Luis’s Response Week 2/11/19- Anthropological Ethnography

Pink, S. (2011). Multimodality, multisensoriality and ethnographic knowing: social semiotics and phenomenology of perception. Qualitative Research, 11(3), 261–276. https://doi.org/10.1177/1468794111399835

Jordan, C. M. (2017). Directing energy: Gordon Matta-Clark’s pursuit of social sculpture. In Gordon Matta-Clark: Anarchitect (pp. 36–63). New Haven, CT: The Bronx Museum of the Arts and Yale University Press.

In PInk:  “Perception begins in the body and ends in objects”(Csordas, 1990, p. 8, as cited in Geurts, 2003)” (265).  

Theme: The visual in use as a sensory ethnographic evocation in “phenomenological” ethnography, rather than as a traditional recording of data in classical ethnography, can lead to a more comprehensive anthropological ethnography.  Pink reaffirms Merleau-Ponty’s views that the body senses with all its organs simultaneously and in an interconnected manner.  But in the attempt to linguistically express that sensory experience we find restriction by the conventional five-sensory model.  The breadth of sensory experience,  requiring a true “phenomenological ethnography,” cannot, even in moments, fit neatly into the limitations of linguistic-based models. (270)

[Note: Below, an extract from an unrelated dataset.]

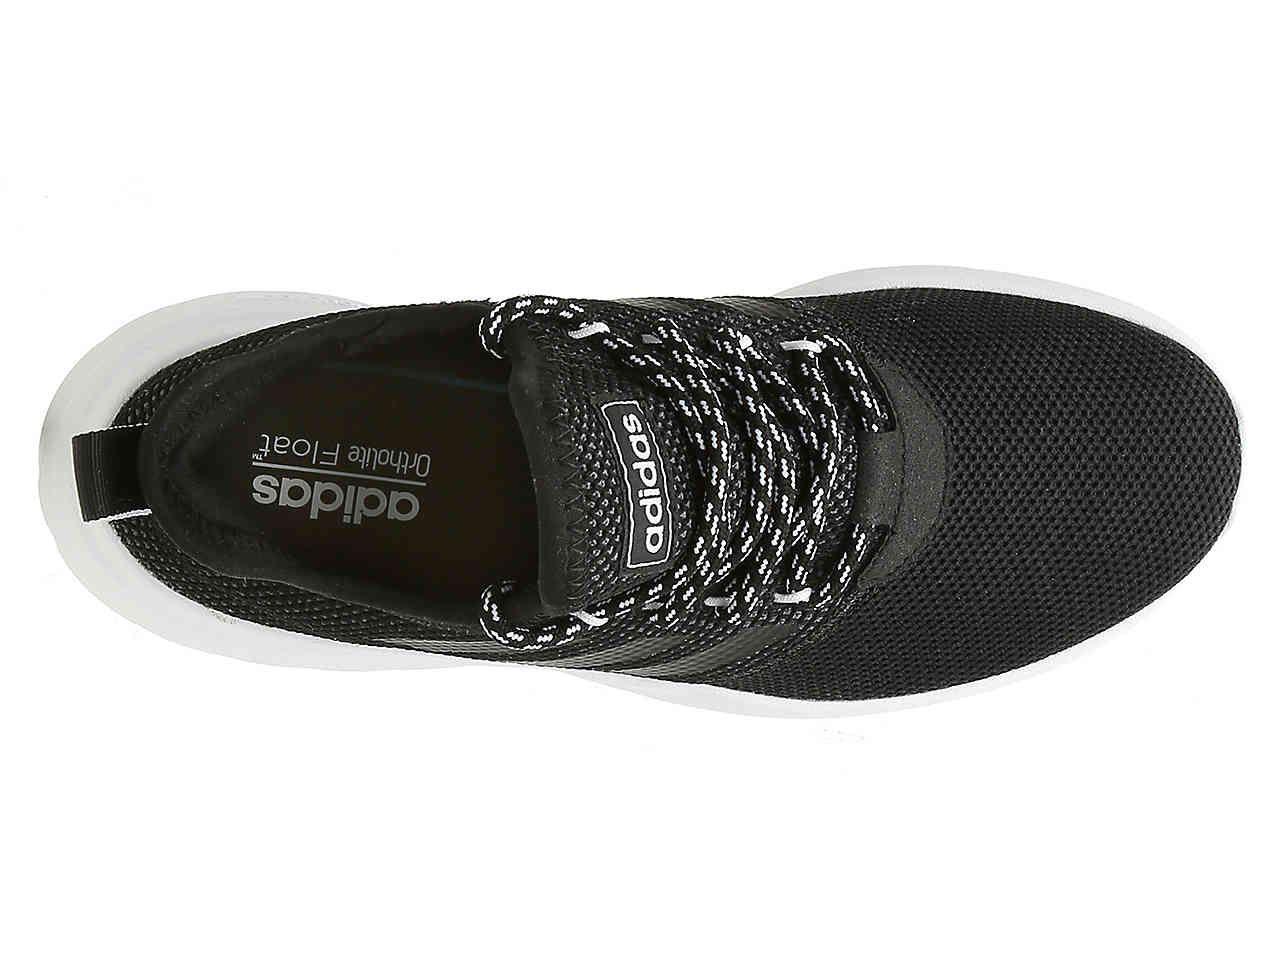 94b5520334995 adidas Lite Racer RBN Sneaker - Women's Women's Shoes | DSW ...

Not only can Art be used as a tool of expression when the linguistic mode may not be sufficient to the task, a phenomenological ethnography of ”being with” seeks to understand and express what others understand and feel.  The visual, for instance, is not viewed merely as a “photographic” recording of data or evidence as in classical ethnography, but as a means to elicit, empathize, or to evoke a more comprehensive experience of a moment, a true anthropological ethnography.  Imaginative use of even one sensory mode, such as the visual, say, can evoke a multi-sensory experience (synaesthesia). It is intriguing that the visual alone can be more precise than the linguistic:  although Pink disagrees with Kress’s binary schematic between words and images in general, she appears to agree with Kress’s (2005) counterintuitive assertion that images can depict experience with greater fullness of meaning, detail and precision, while words are more “general, ….empty and vague.” (264). Although most would agree that words, by context for instance, are indeed imbued with meaning anew in any instance by the hearer/reader (264), is the visual truly less amenable to that distortion in communication? It is so counterintuitive that it must be true.

I am most intrigued by the use of visual arts as a means of approaching a fuller anthropological ethnography, with its attendant precision, and how this ethnography would manifest in a range of practices, including that of educator, student and researcher.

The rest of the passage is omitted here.